Benjamin Mburu and Mike Carlos Otione are getting ready for sports practice.
Kenyans take on ice hockey despite limited ice in Sub-Saharan Africa
But what could they be playing, all the way up here on a rooftop in Nairobi? The answer is ice hockey.
It's a sport that is mostly associated with colder regions, where temperatures fall below freezing.
But here in sub-Saharan Africa, conditions are very different.
Kenya only has one ice rink, at Panari Sky Center, a high end hotel.
So instead of a sharp pair of ice skates and a frozen lakebed, these athletes use roller blades and the smooth flat expanse of the building rooftop.
"I love ice hockey but before I started I was doing roller hockey.

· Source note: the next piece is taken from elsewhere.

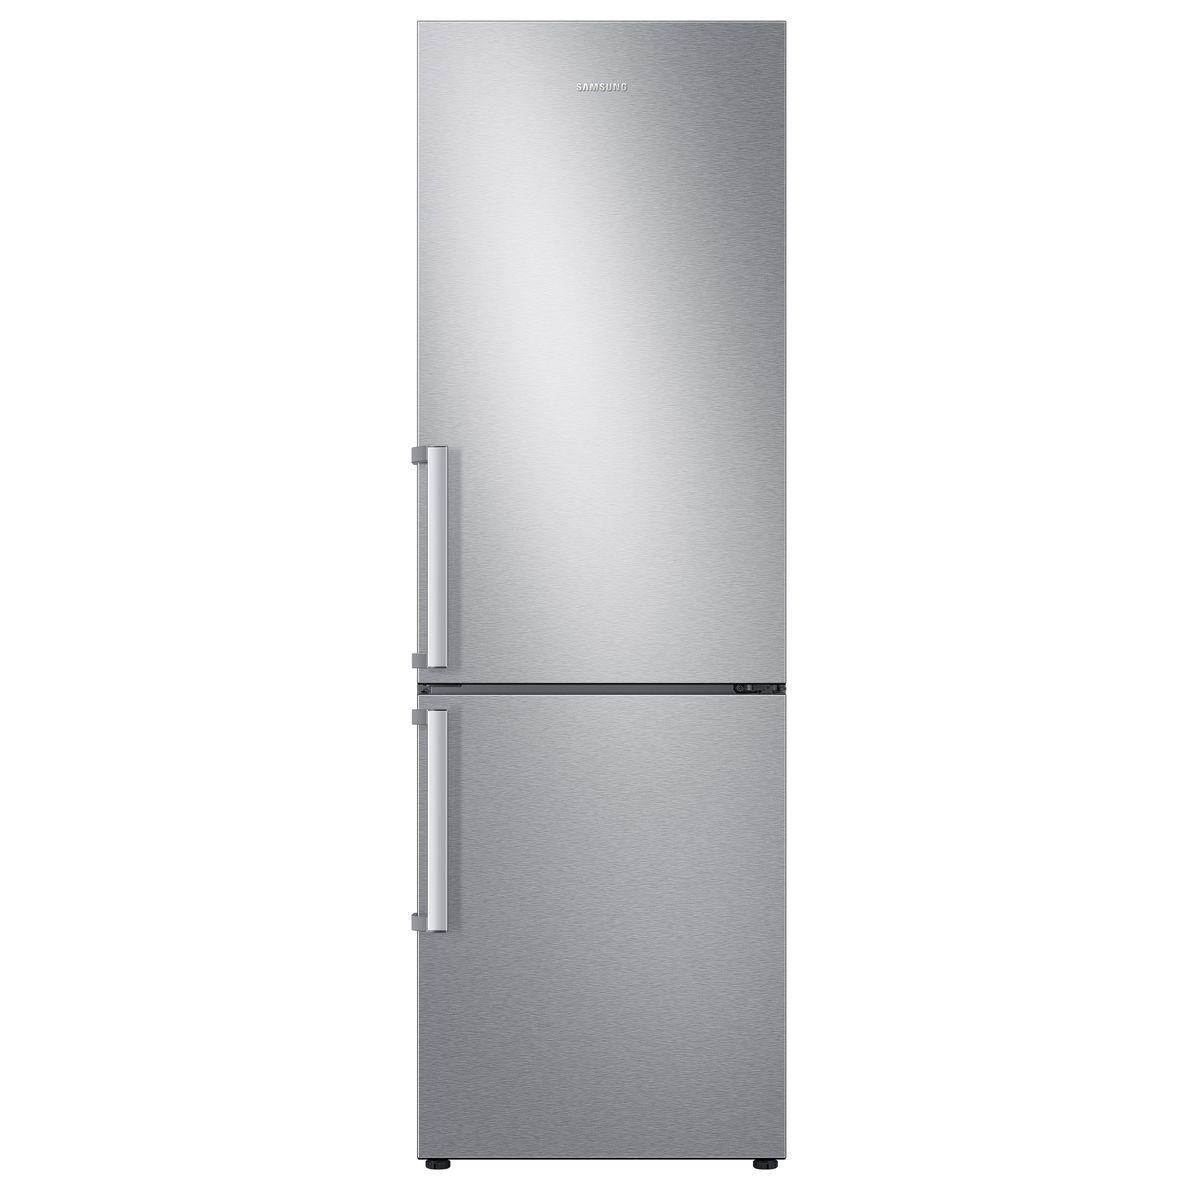 Réfrigérateur combiné RL34T620ESA, 340 L, Froid ventilé

But I went to Panari (referring to Panari Sky Centre), I saw the game was interesting. I wanted to play the game but the problem is that there is no winter here and we have only one ice rink. But you know overseas, finding ice is easy. You can find frozen places where people train. If it were like that here it would have been the best. But I have a dream that before I die I must play in the NHL (National Hockey League) and become like Sidney Crosby (a Canadian professional ice hockey player)," says Otieno.
Both men play for the Kenya Ice Lions, the national team.
Benjamin Mburu is captain.
His love for ice hockey began as a child.
"Ever since I was a kid I was bewildered and amazed when I saw in movies guys playing a sport very fast and bumping into each other. And when I grew up and I realised there is ice hockey in Kenya, I decided to take it up and play it," he says.
"Some of the challenges we face is that ice time is very expensive and we do not have any other rink apart from Panari which is just one rink in the whole of the country. That means we have very limited ice time to practice on ice. So sometimes we resolve to off-ice training. For example I use my apartment rooftop with a few of my friends and we learn through channels like there is YouTube there are tutorials online."
The Kenya Ice Lions meet up once a week to practise on the ice at that one precious rink in Panari Sky Center.
This is their one chance to put to the test all the skills they've been perfecting outside, on rooftops and other off-ice spaces.
The team was formed in 2015 and has been growing slowly.
There are now 30 men on the squad.
The players have hopes of representing Kenya.
The plan is the try to join the International Ice Hockey Federation, which they think will bring more attention and support to their team.
Supporting them to achieve this goal is Tom Colby, a volunteer coach and Canadian expat.
"We will be approaching the International Ice Hockey Federation for full membership soon, and we really feel we deserve that kind of membership and that level of support. And we know they are committed to us, they have reached out to us a few times. And with that International Ice Hockey Federation support, it opens up doors globally," he says.
"It is a great opportunity for the players, and they really deserve it because these guys commit, day in day out. On ice training, they are training the kids now, they are doing the off-ice work, all the organization, the budgets, the work plans, the equipment maintenance, all of that, it's a lot of work ice hockey. And they are a very dedicated group, the Kenya Ice Lions, so they really deserve this. They have shown what it takes to develop an ice hockey team and they have done it right here on the equator. So, International Ice Hockey Federation, here we come."